> What the exercise asks
Give all of the data below again exactly, and drop the images.

> Input data

• • • • • • •

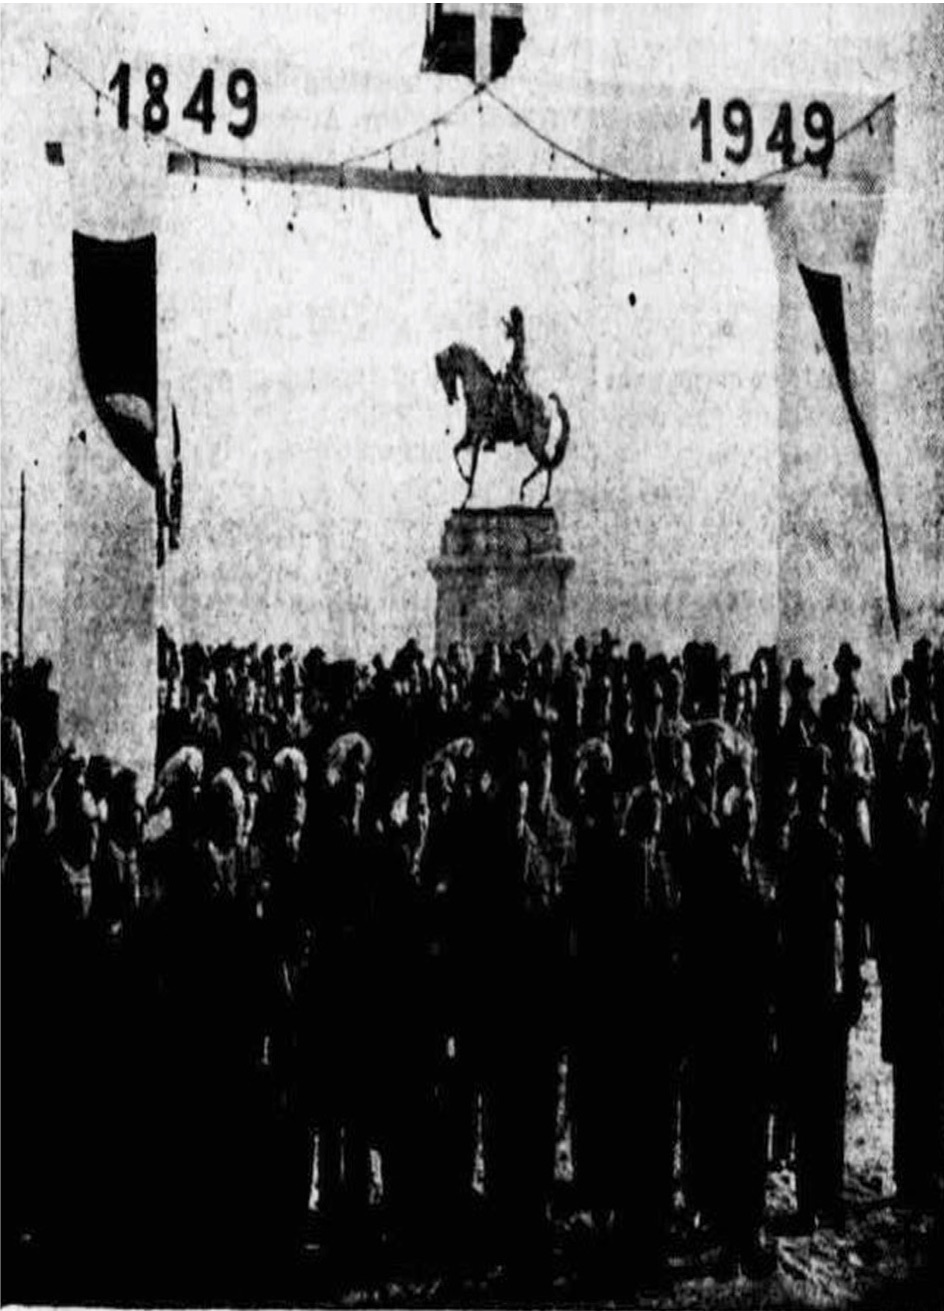 The official unveiling of the statue took place in Kavala on December 6, 1949, ELIA Archive
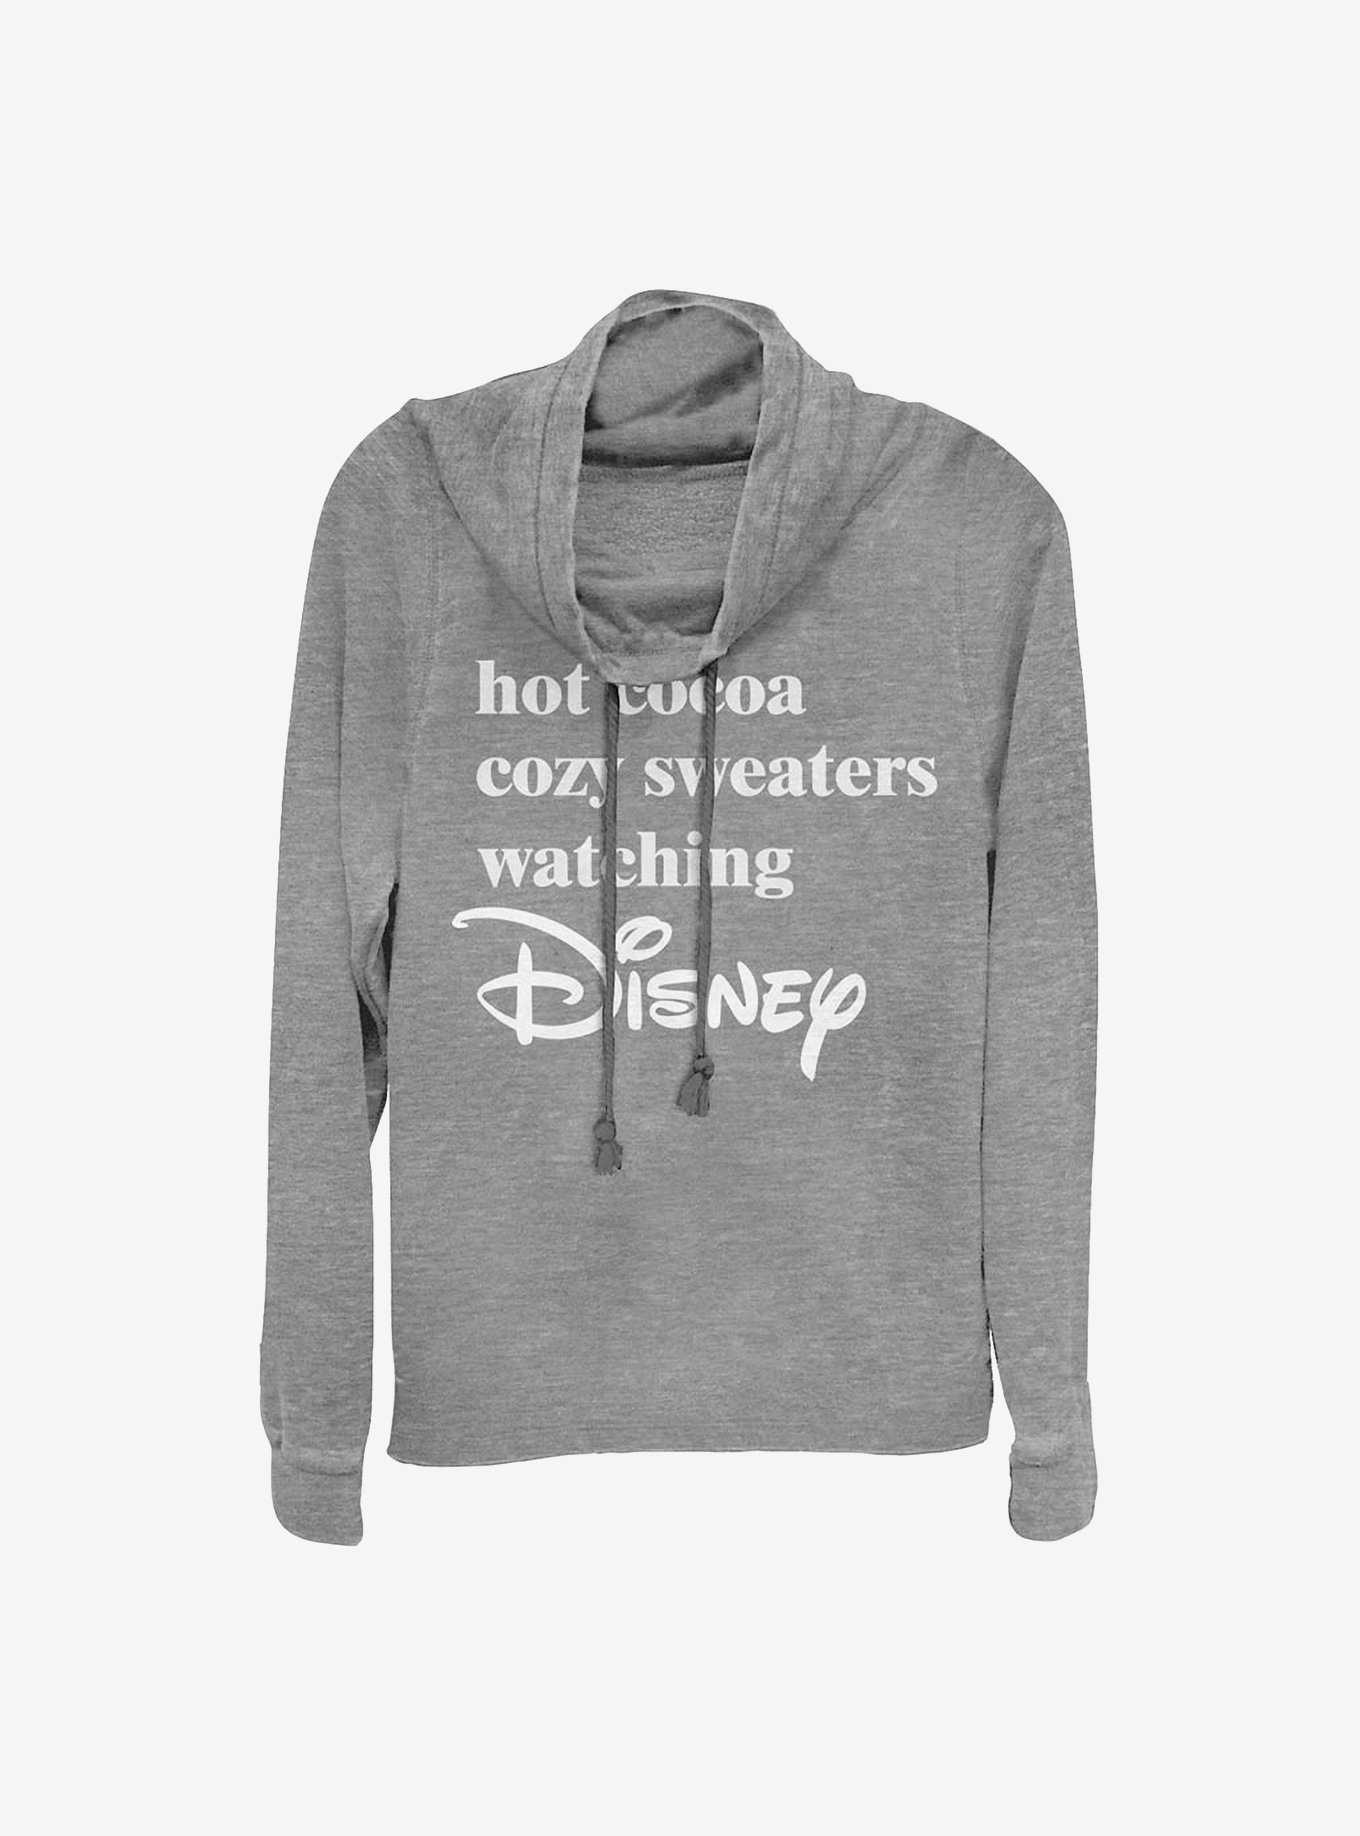 Disney Channel Cozy Vibes Cowlneck Long-Sleeve Girls Top, , hi-res
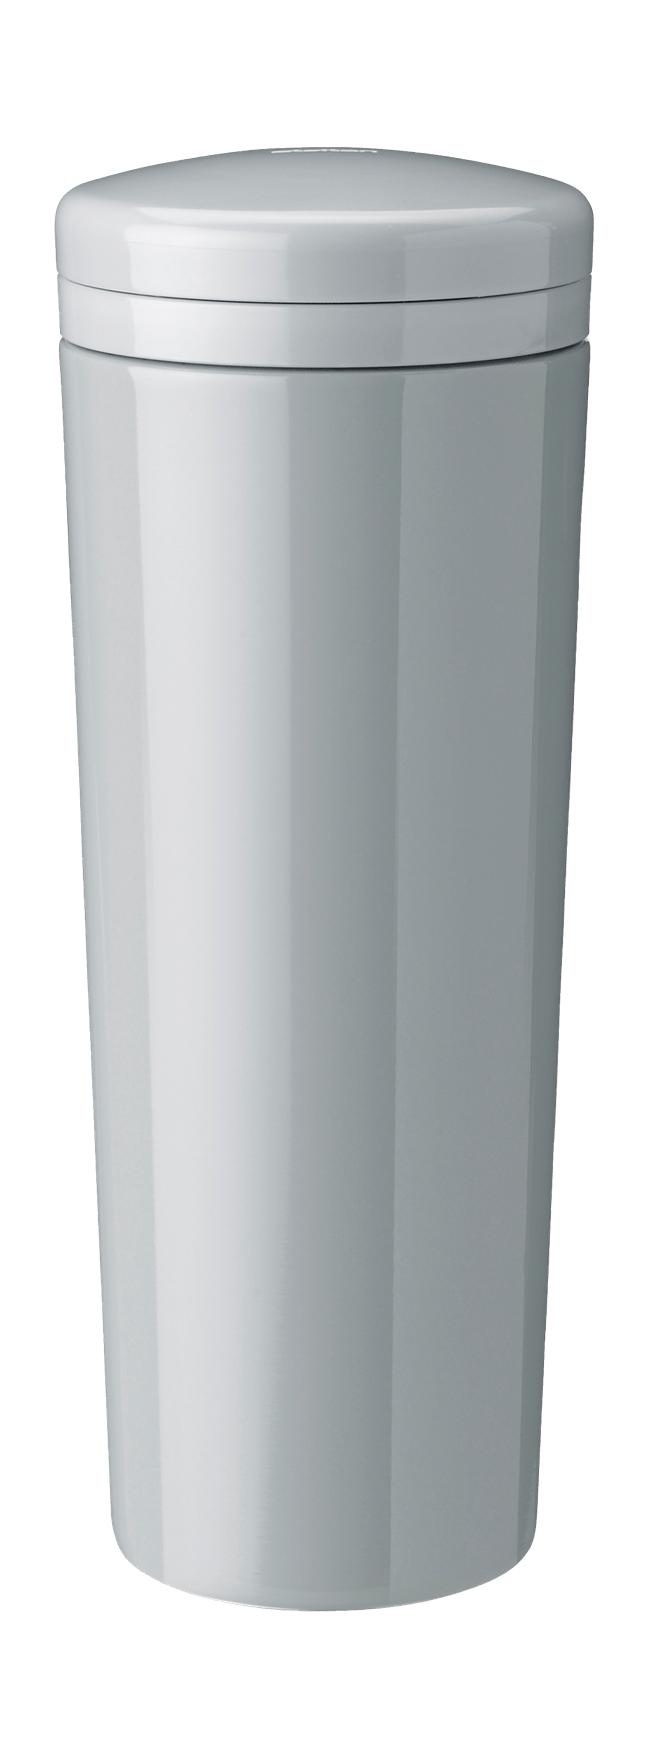 Stelton Carrie Thermos Bottle 0,5 L, lysegrå

• • • • • • •

> Final answer
 The official unveiling of the statue took place in Kavala on December 6, 1949, ELIA Archive
 Disney Channel Cozy Vibes Cowlneck Long-Sleeve Girls Top, , hi-res
 Stelton Carrie Thermos Bottle 0,5 L, lysegrå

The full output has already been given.